Observations of the ITAT on maintenance of Books of Accounts
- It was a fact that the assessee had not maintained books of account and that is why he had opted for 8% income as per section 44AD.
- The section also did not put obligation on the assessee to maintain books of account, in view of the fact that his income has been assessed as per section 44AD, he cannot be punished for not maintaining the same.
- The argument of the Departmental Representative that the assessee was maintaining books of account was not supportable.
- Keeping or preparing a cash flow statement cannot be considered as keeping the books of account.

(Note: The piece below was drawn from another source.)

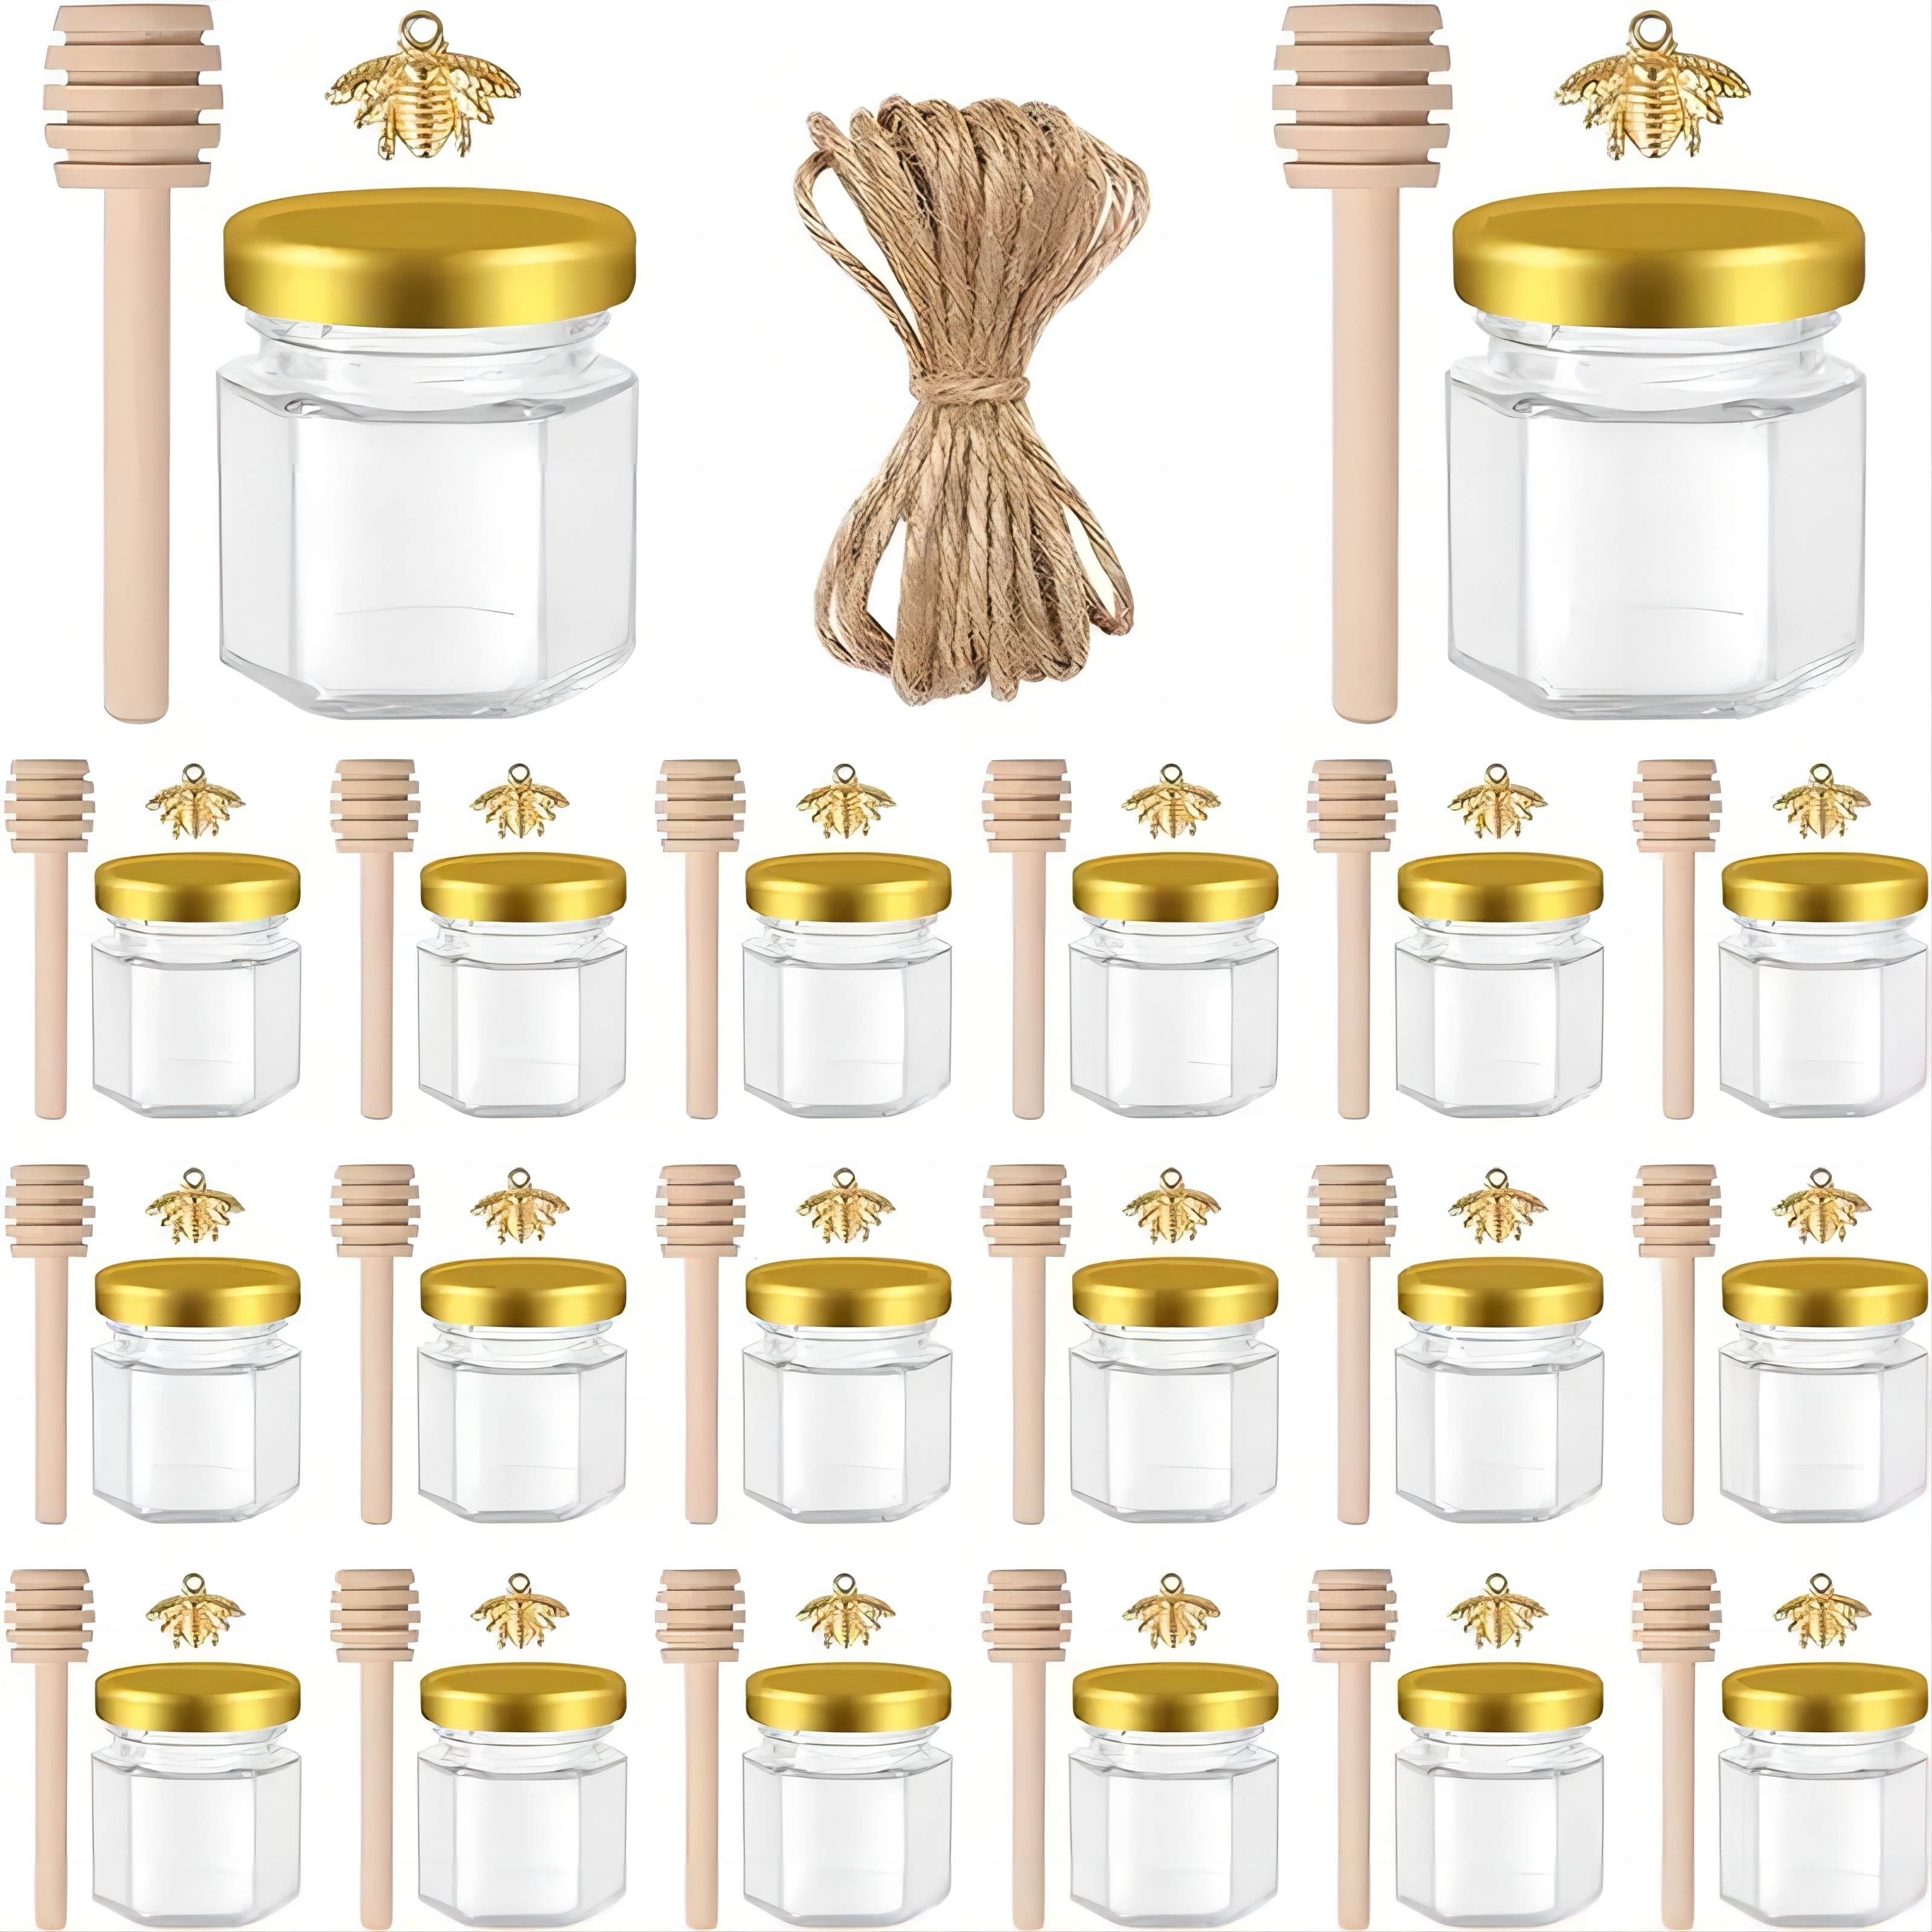 1.7 oz Small Glass Jars with Lids Mini Candy Jars Tiny Mason Jar

Observations of the ITAT on the argument of the Departmental Representative that the addition was made under section 69C, on which there is no bar under section 44AD
- The only constrain provided under section 44AD was the applicability of provisions of section 30 to 38.

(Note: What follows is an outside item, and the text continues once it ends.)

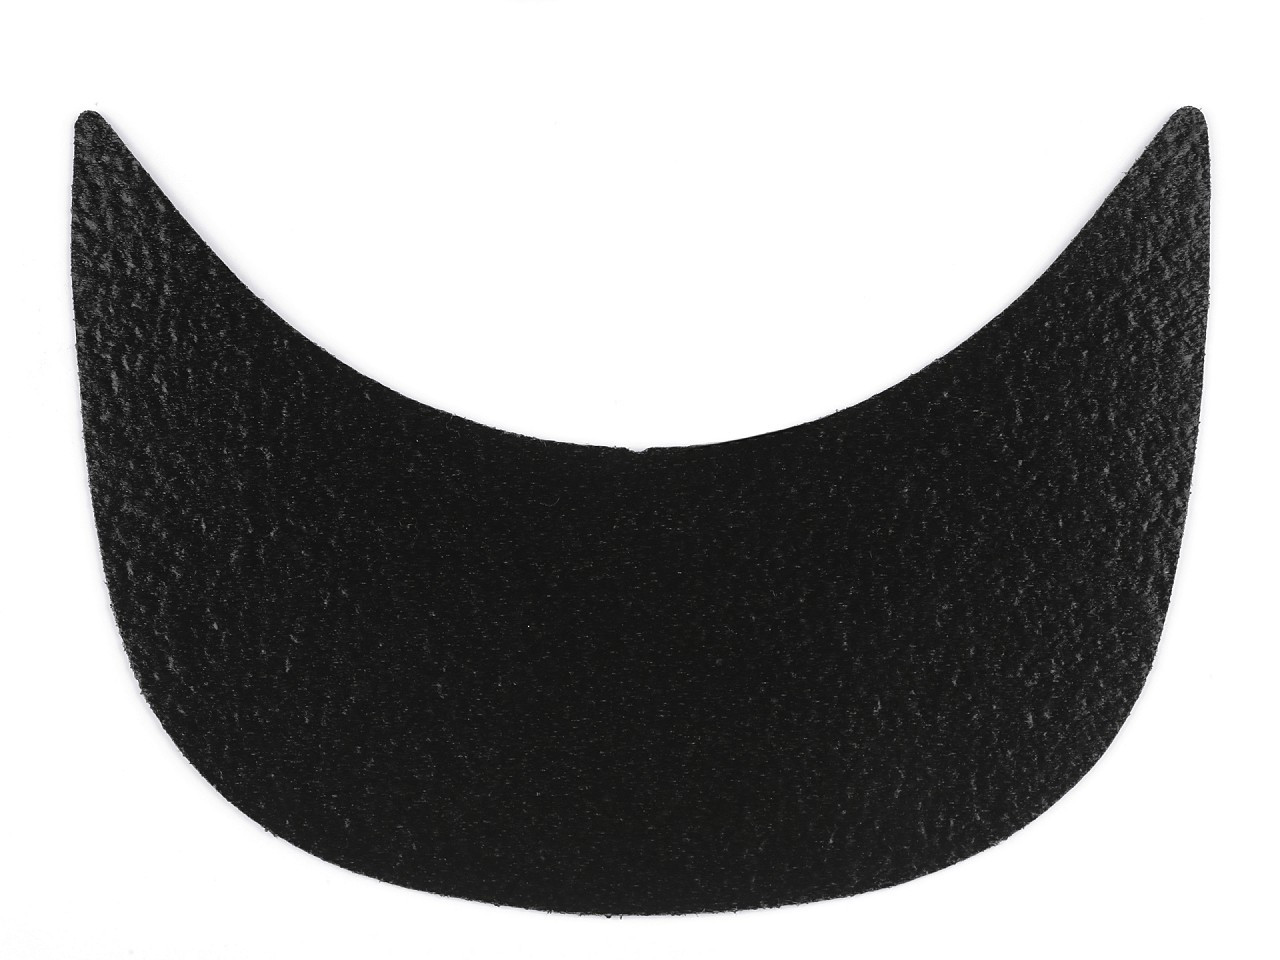 Kšilt - polotovar, šíře 75 mm, barva 2 černá

- According to Section 69C, where in any financial year an assessee had incurred any expenditure and he offered no explanation about the source of such expenditure or part thereof, or the explanation, if any, offered by him is not satisfactory, in the opinion of the AO, then the amount covered by such expenditure or part thereof, may be deemed to be the income of the assessee for such financial year.

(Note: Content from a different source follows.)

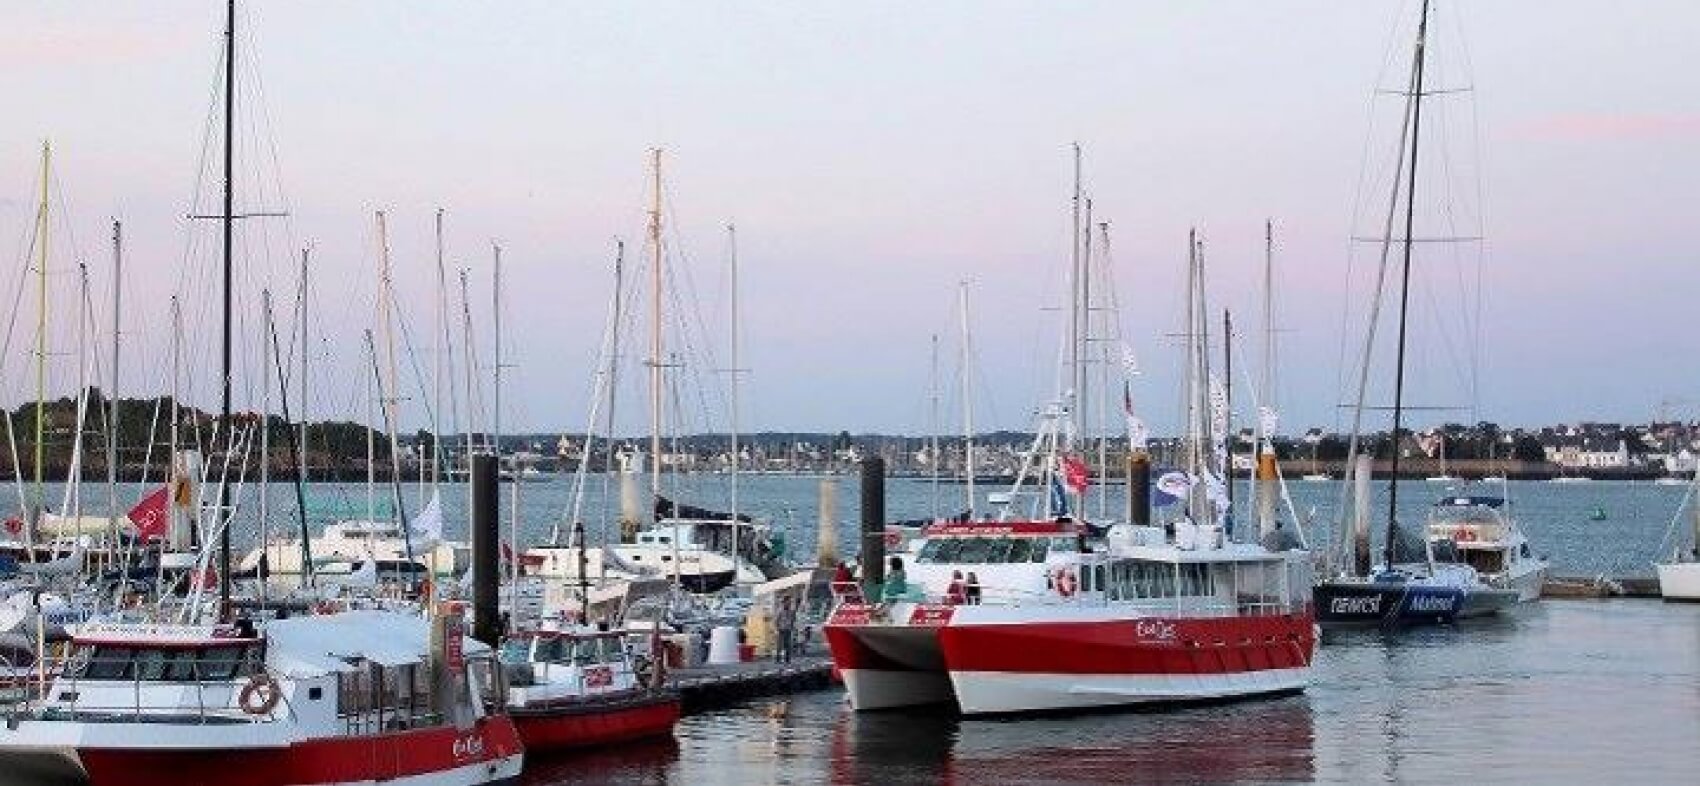 La rade de Lorient

- Such unexplained expenditure which is deemed to be the income of the assessee shall not be allowed as a deduction under any head of income.
- The crucial words of section 69C for the present appeal were ‘any financial year an assessee has incurred any expenditure’.
- But can we say on the facts & circumstances of the present case that the assessee has ‘incurred’ any expenses?
- From an analysis of section 44AD, ITAT had held that the assessee had not incurred the expenses to the extent of 92% of the gross receipts.
- Therefore, in the present case, the provisions of section 69C could not be applied.
- Asking the assessee to prove to the satisfaction of the AO, the expenditure to the extent of 92% of gross receipts, would also defeat the purpose of presumptive taxation as provided under section 44AD.
- Since the scheme of presumptive taxation was formed to avoid the long drawn process of assessment in cases of small traders or in cases businesses where the incomes are almost of static quantum of all the businesses, the AO could have made the addition under section 69C, once he had carved out the case out of the glitches of the provisions of section 44AD.
- No such exercise was done by the AO in this case.
Observations of the ITAT on the case law relied on by the Departmental Representative
- The only case law relied on by the Departmental Representative was that of the Tribunal (Ahmedabad Bench) in the case of Shivani Builders (supra).
- On perusal of the said order, ITAT observed that the basis of finding given in this order was mainly on the fact that the assessee had failed to record its turnover correctly in its books.
- However, no such finding was there in the present case.
- In this case, the AO himself while computing the income of the assessee had made the business income to be taxable @ 8% of the gross receipts as provided under section 44AD of the Act.
Therefore, this appeal was allowed in favour of the assessee. Section 44AD does not mandate assessee to maintain books of accounts. Therefore, once the assessment of the assessee was completed u/s. 44AD, there cannot be any application of section 69 of the Income Tax Act.